Страница 40 из 131
— Нагнись сюда! — приказал он, но сообразив, что это ему надо нагнуться, уперся локтем в стол, медленно приблизил к ней багровое лицо с белым шрамом на подбородке. На войне он был танкистом… — С Нинкой не ходить! Поняла меня — не ходить! — От него несло водкой и табаком.
— С какой Нинкой?
Дядя Ваня выпрямился.
— Я тебе говорю — с Нинкой не ходить! — и ударил по мокрому столу кулаком. Среди недопитых кружек ржавел на клочке газеты селёдочный хвост в черных горошинах.

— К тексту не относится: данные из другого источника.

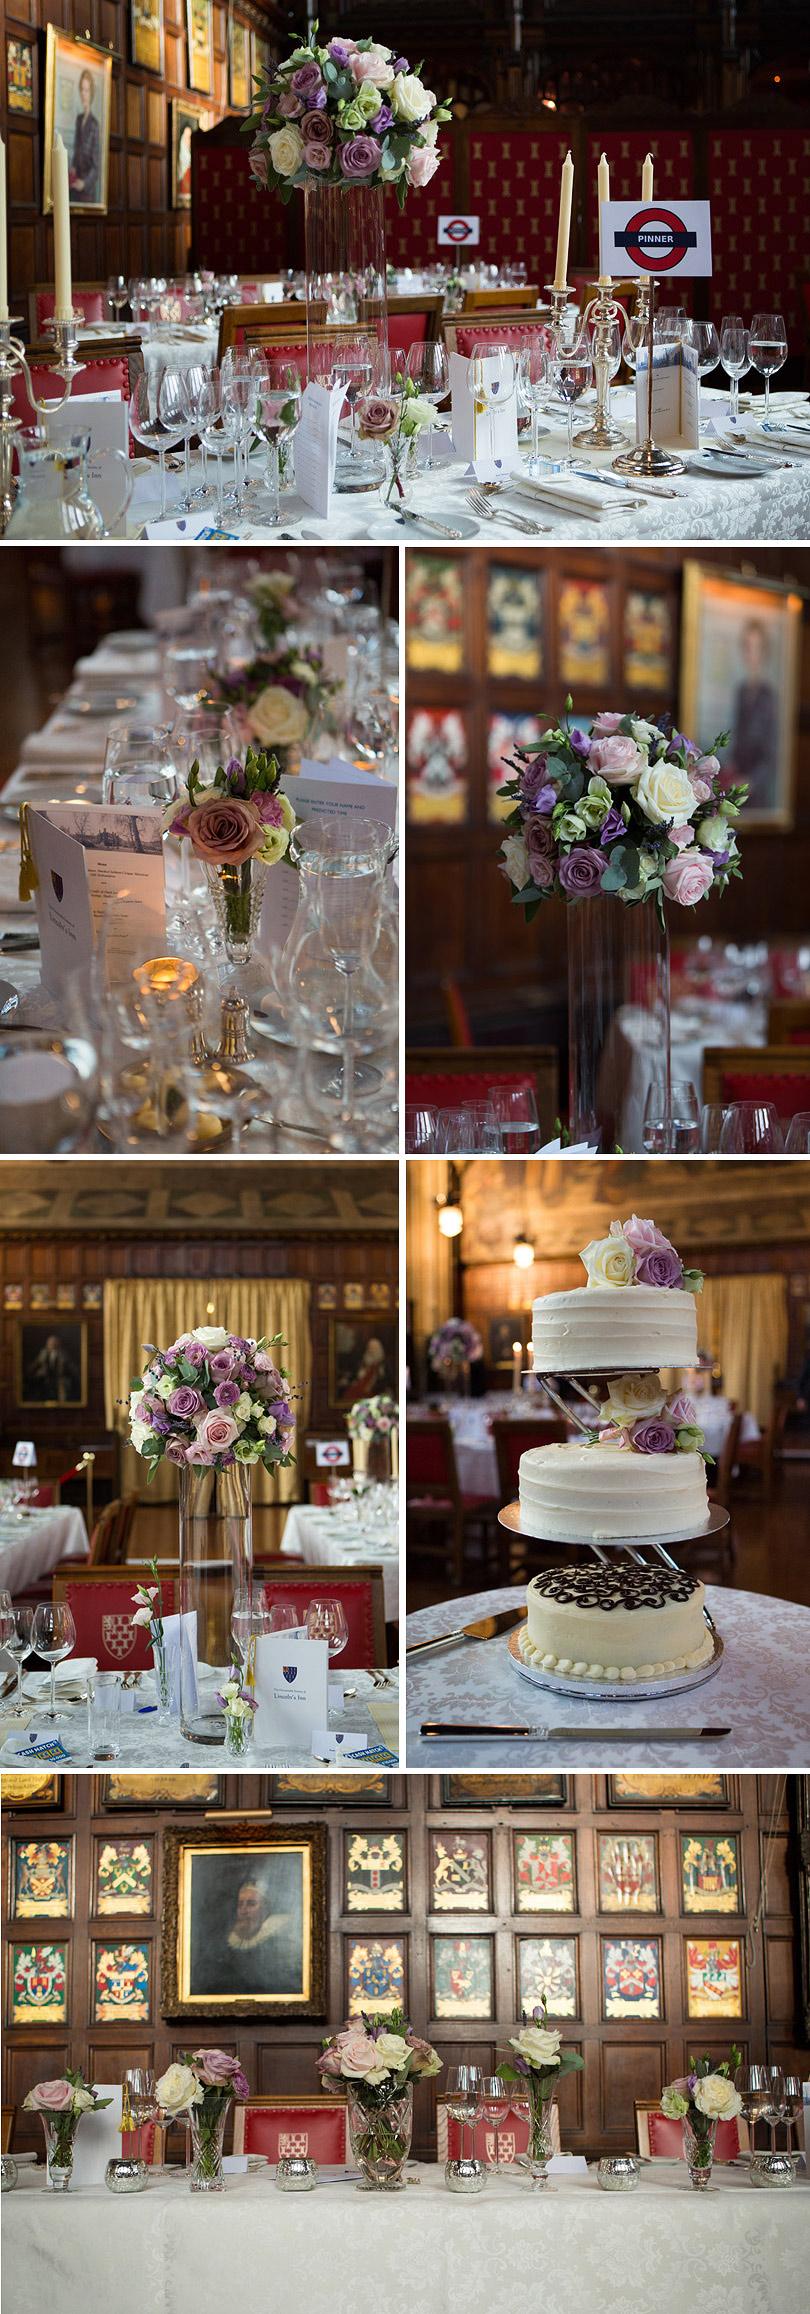 Brompton-Oratory-Lincolns-Inn-Wedding-RachelMax-014.jpg

— С Никой? — догадалась Рая.
— Она такая же Ника, как я… как я… — Он оттопырил губу, взял кружку и допил пиво. — Нинка — моя дочь, — горделиво объяснил он каблучнику. — Ника! — Он сердито посопел, — Чтоб ни шагу с ней, поняла! Она тебя глупостям научит. Обходи её, шалаву! — И, поставив кружку, показал пальцами, как надо обходить.
Тут Раю хрипловатым голосом окликнула мать, и она, обрадовавшись, шмыгнула прочь.
Мужчины почтительно расступились перед ней. С независимым видом прошла она под их любопытными взглядами. Мать услужливо откинула перекладину, которую обычно Рая подымала сама. ОН в подсобке?
Молча ставя термос на бочку, заглянула краем глаза в подсобку. ОН сидел на стуле с высоченной спинкой, единственном в «шалмане». Перед ним на ящике, покрытом клеёнкой, стояла полная ещё кружка. Пена осела — давно здесь. Сосредоточенно чистил ОН воблу. Ею угощали клиенты, а мать припрятывала для него.
— Зайди на минутку, — сказала она, и хоть бы кто пикнул в очереди. Дочка!
ОН внимательно посмотрел на Раю сквозь очки, и мать тоже посмотрела -— тревожно и быстро. Рая поняла.
— Здравствуйте, — произнесла она.
Степенно наклонил ОН в ответ голову. Очень вежливым был ОН, всегда о чем‑то сосредоточенно размышлял, а улыбался редко. Не работал — был студентом, и мать говорила (почему‑то шепотом), что дядя Лёша учится уже во втором институте.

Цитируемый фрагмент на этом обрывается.